At the end of the workshop, one of the learners stayed back to share a reflection. He was honest in a way that caught me off guard. He said:
"Maybe originally, when facing my leaders… I wanted to escape."
That line landed heavily in the room. Because I think many of us know that feeling. The instinct to avoid. To stay quiet. To hope the difficult moment passes.
Then he continued: "This course inspired me on how to face it. How to understand. And I very quickly took action — I started some conversations. Because I really want to build a relationship and trust with them."
🏆What I'm learning (again and again)
I used to think I was teaching a behavioural framework - DiSC Styles, the language of priorities and preferences.
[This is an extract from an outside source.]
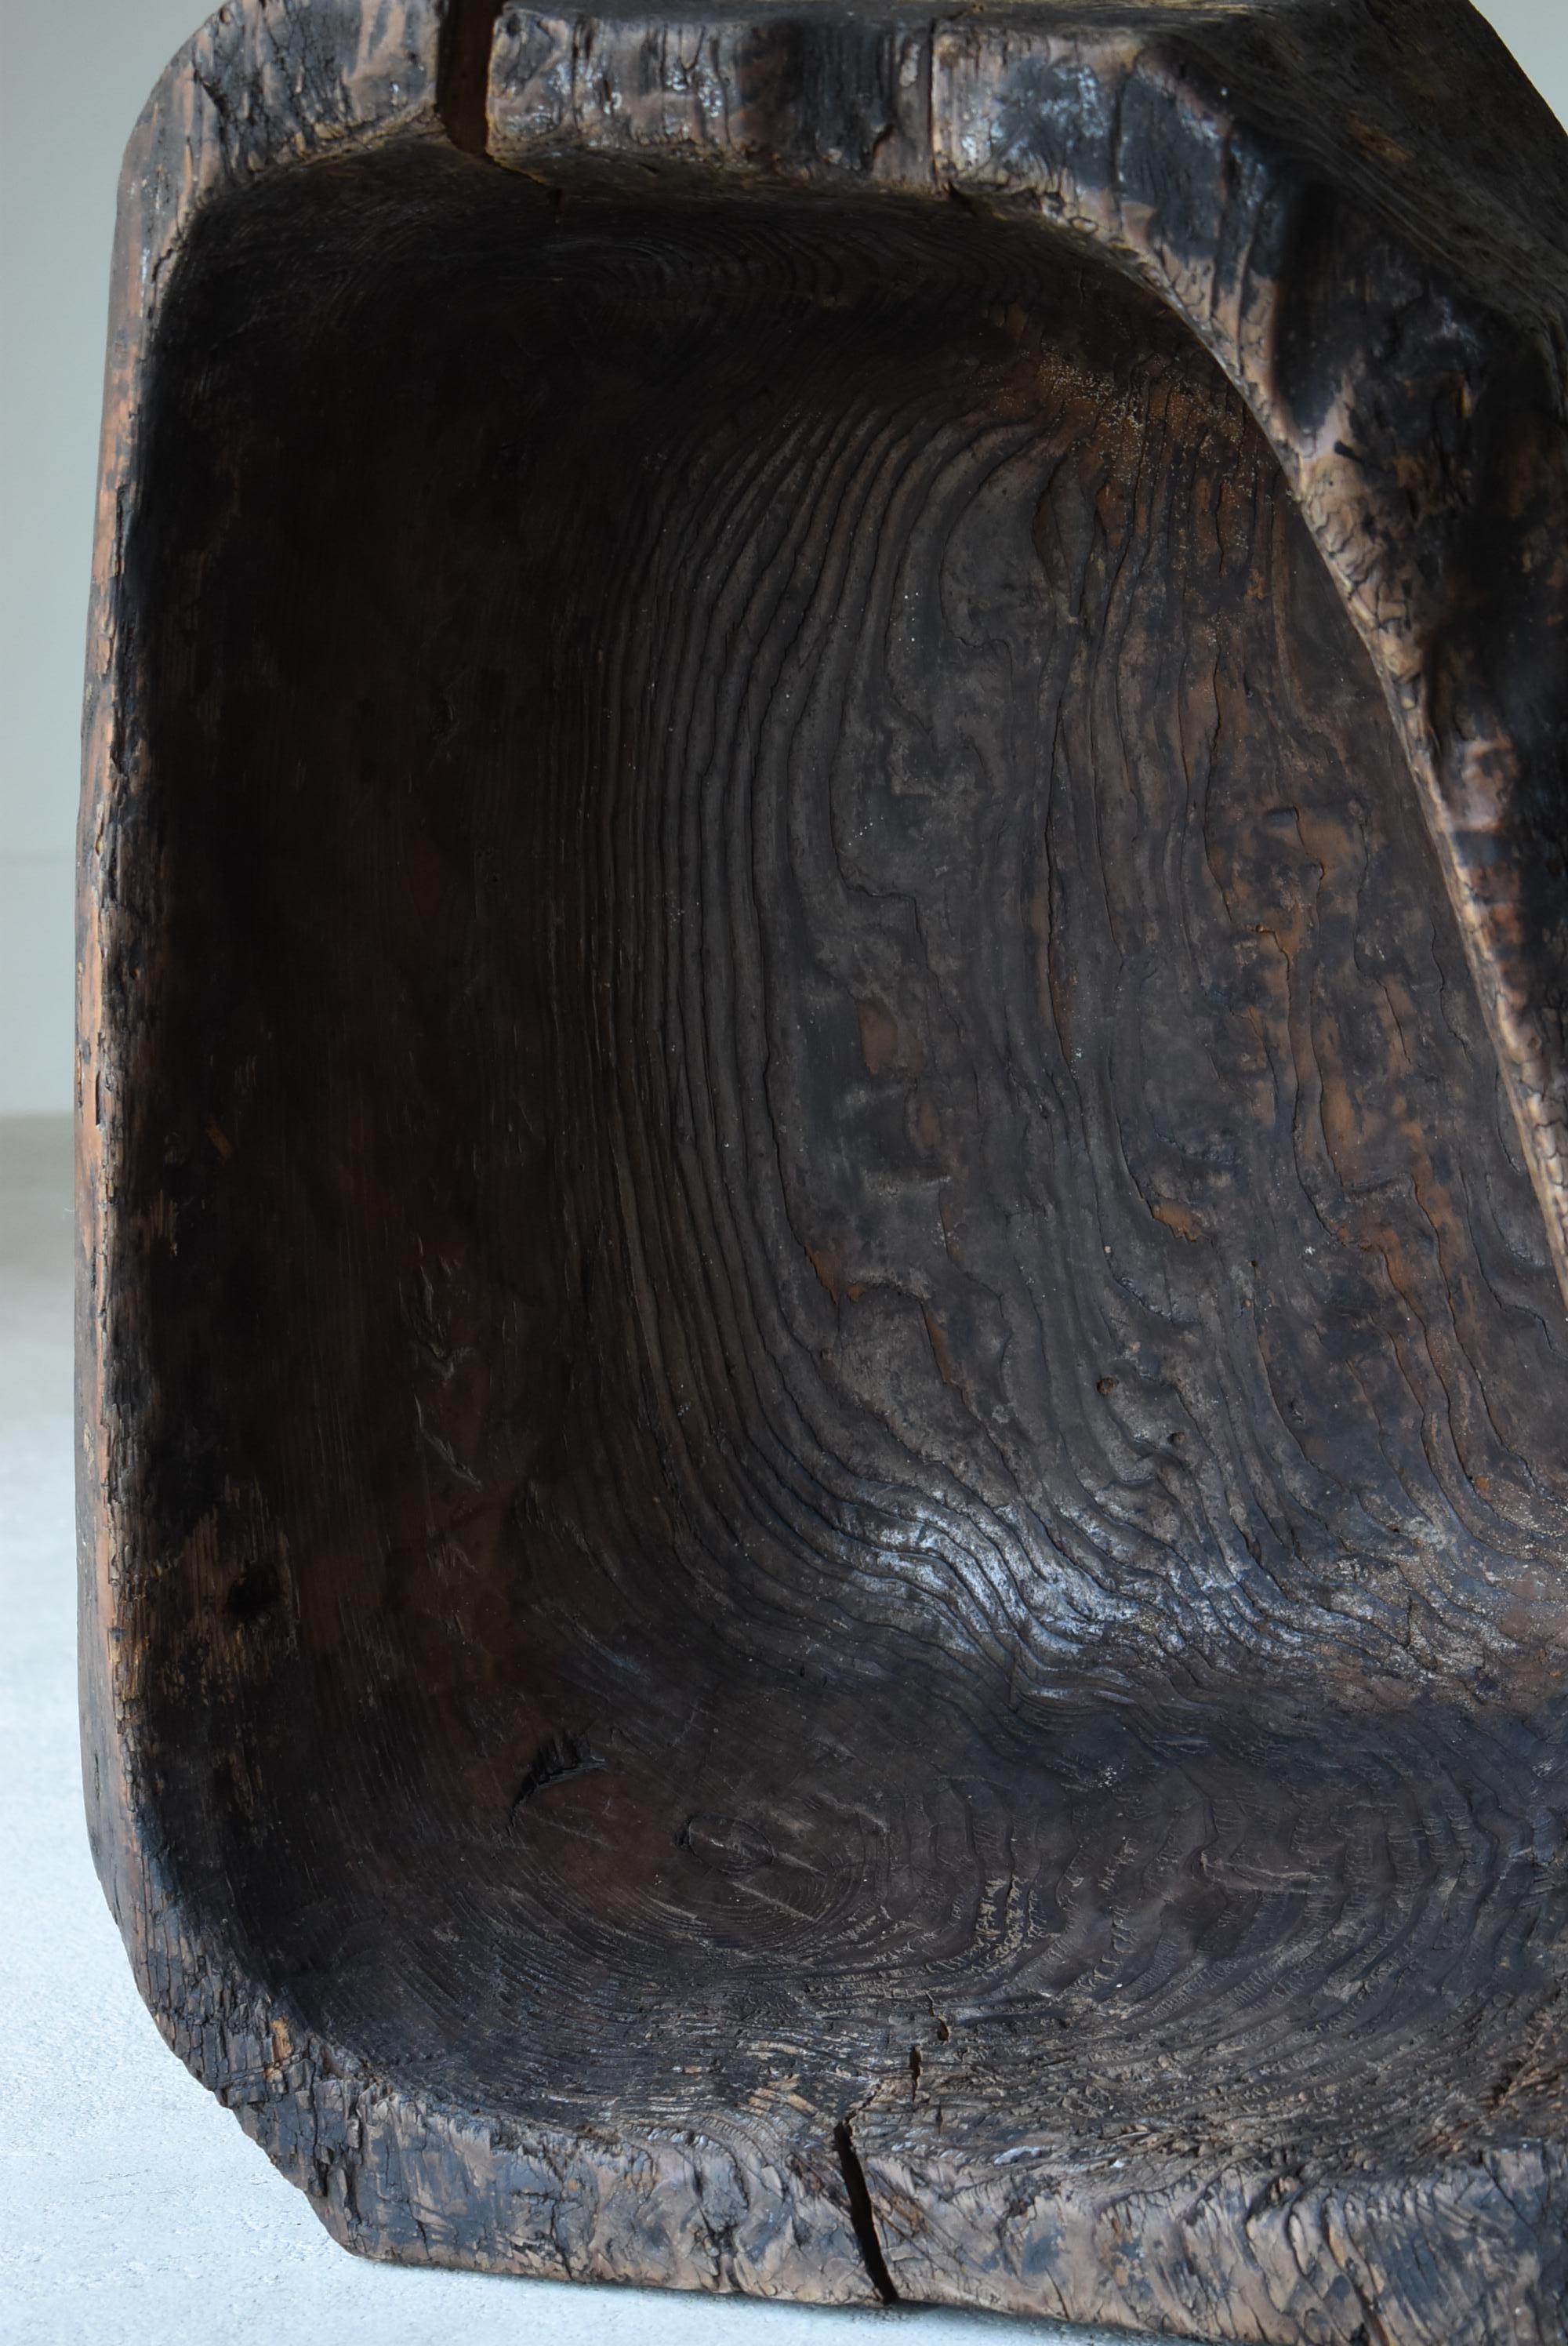 Japanese Antique Primitive Wooden Bowl 1860s-1900s / Wabi Sabi Object Mingei 5

But what I keep witnessing is something quieter and more personal. People don't just learn about others in these sessions. They learn that the person they've been avoiding — maybe a leader, a peer, someone they find difficult — is not unknowable. They're just different. And that difference, once understood, stops feeling like a threat and starts feeling like a doorway.
There's a moment when a participant realises: "I don't have to escape this person. I just need to approach them differently. And I can do that."
That moment is not about memorising a model. It's about courage. The quiet kind of courage that shows up in a hallway conversation you've been putting off for months.
💡An invitation to reflect
I'd like to invite you to sit with just one question, quietly, for yourself:
Is there a conversation someone on your team is avoiding right now? One that, if it were handled with a little more understanding and a little more skill, might change something important?
If the answer is yes, perhaps it's worth pausing to consider what could shift if that conversation were approached differently.
And in the meantime, I hope that participant's courage — the decision to stop escaping and start building — gives you something to think about. It certainly did for me.